→ SUPPLIED MATERIAL
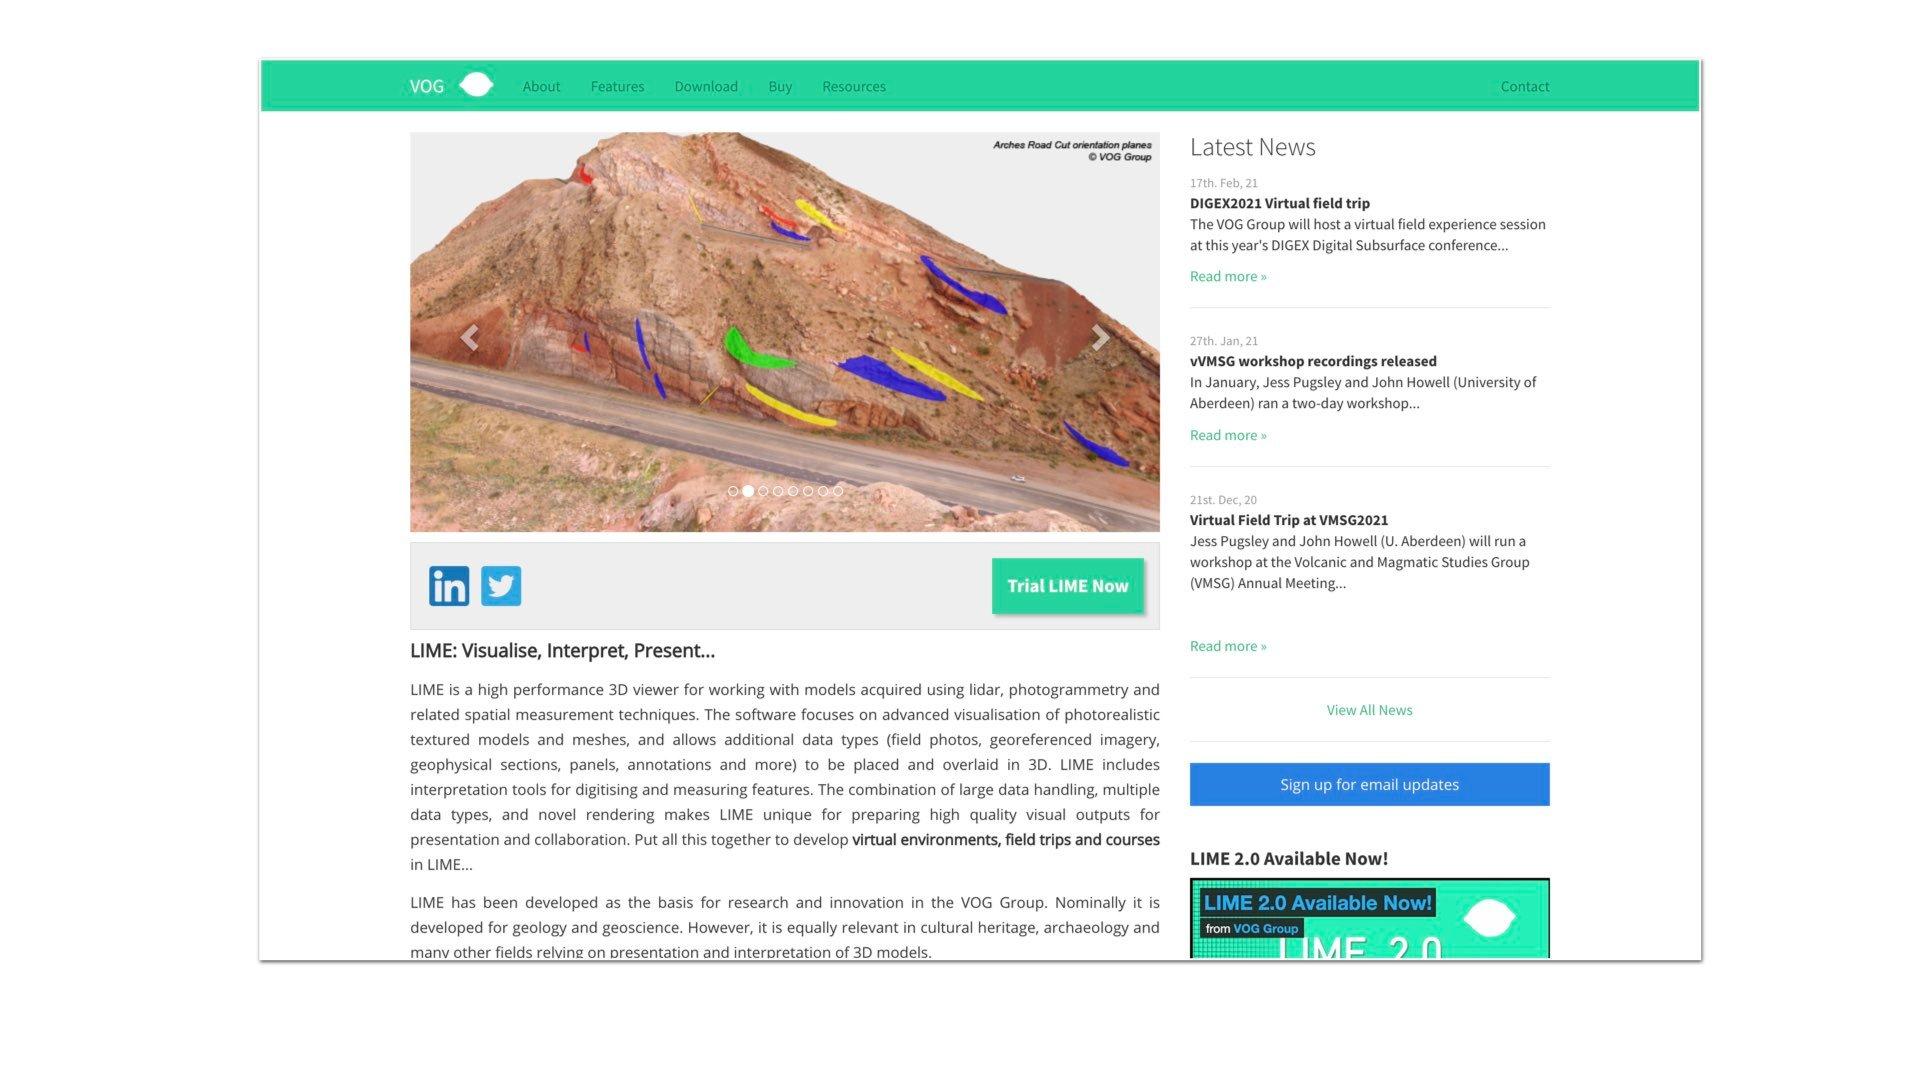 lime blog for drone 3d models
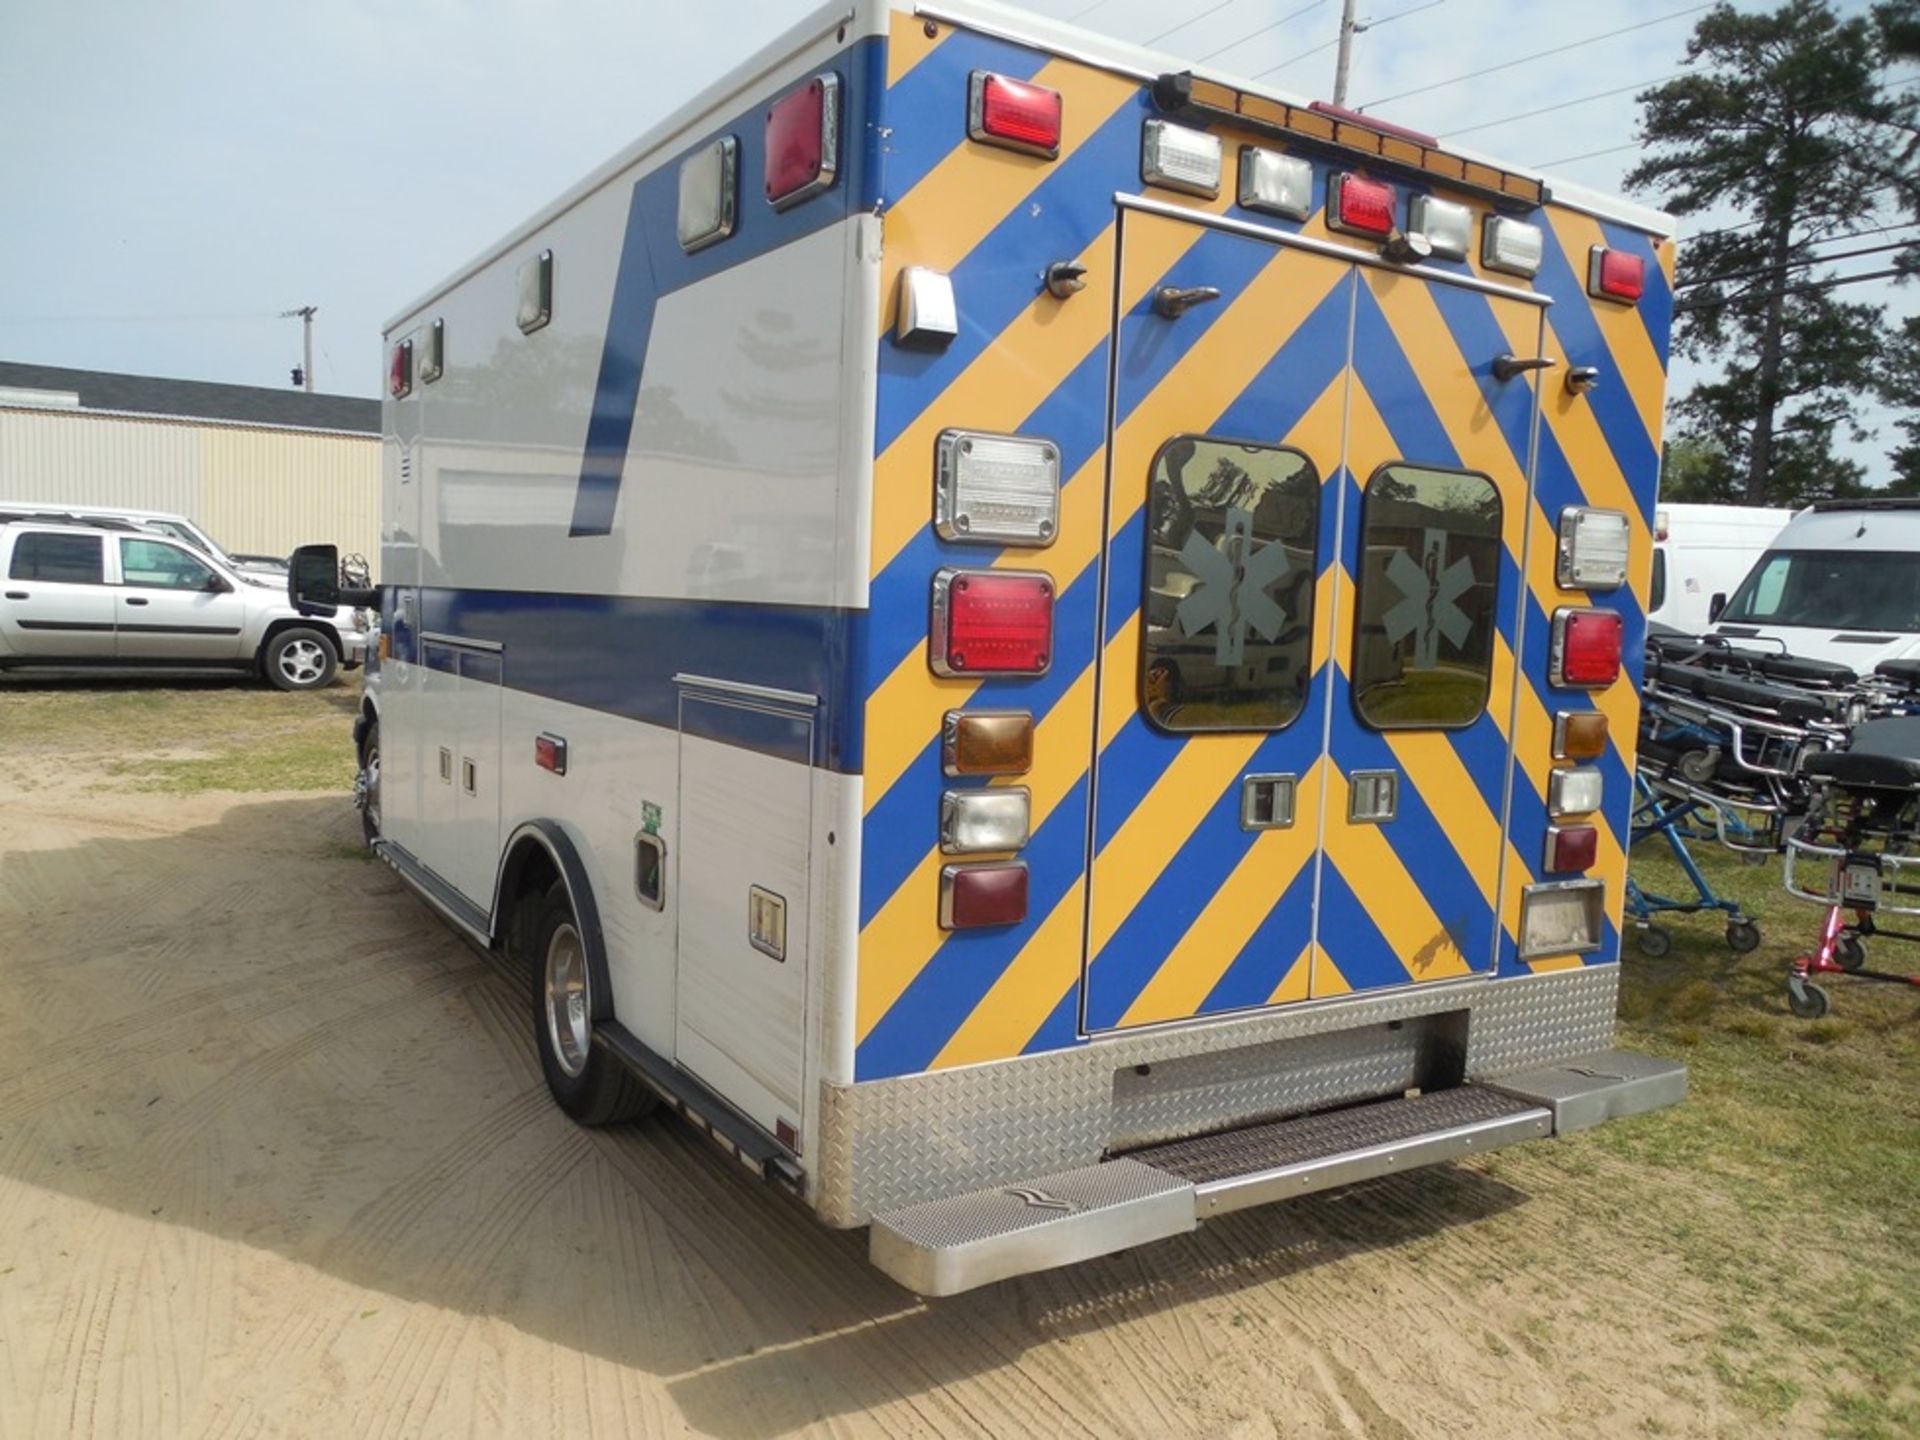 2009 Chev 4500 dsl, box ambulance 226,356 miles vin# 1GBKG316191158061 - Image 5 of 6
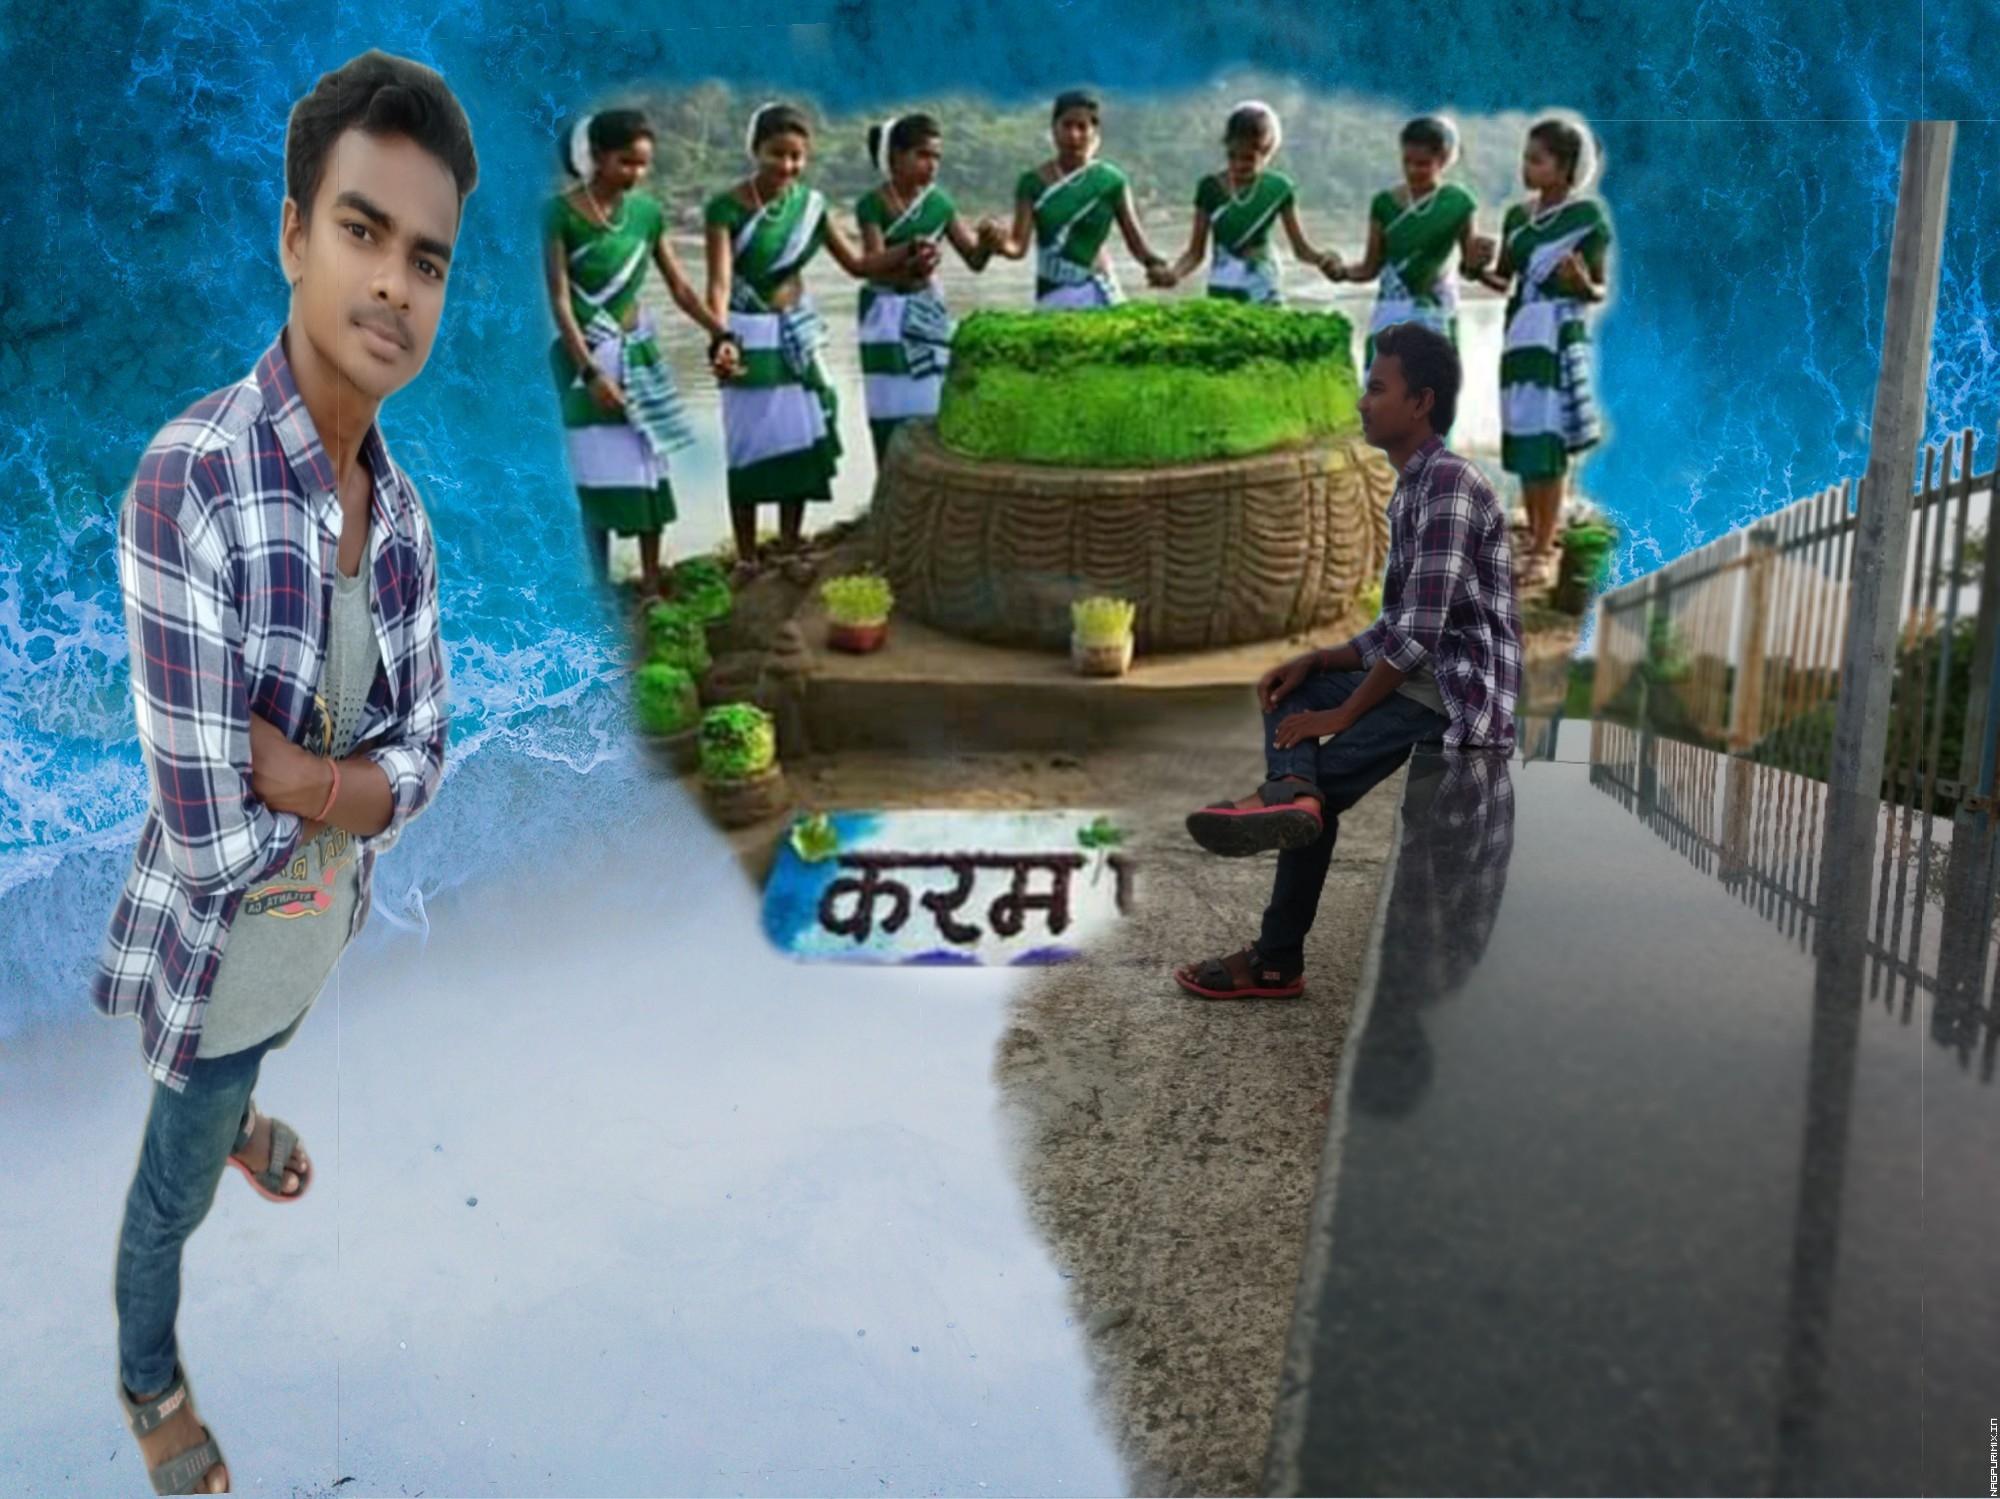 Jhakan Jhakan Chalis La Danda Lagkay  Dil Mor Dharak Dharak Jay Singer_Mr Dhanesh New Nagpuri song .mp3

→ ACTIVITY
From the line with "2009 Chev 4500" through the end of the listing, write out every line exactly, leaving out the pictures.

→ EXERCISE RESULT
 2009 Chev 4500 dsl, box ambulance 226,356 miles vin# 1GBKG316191158061 - Image 5 of 6
 Jhakan Jhakan Chalis La Danda Lagkay  Dil Mor Dharak Dharak Jay Singer_Mr Dhanesh New Nagpuri song .mp3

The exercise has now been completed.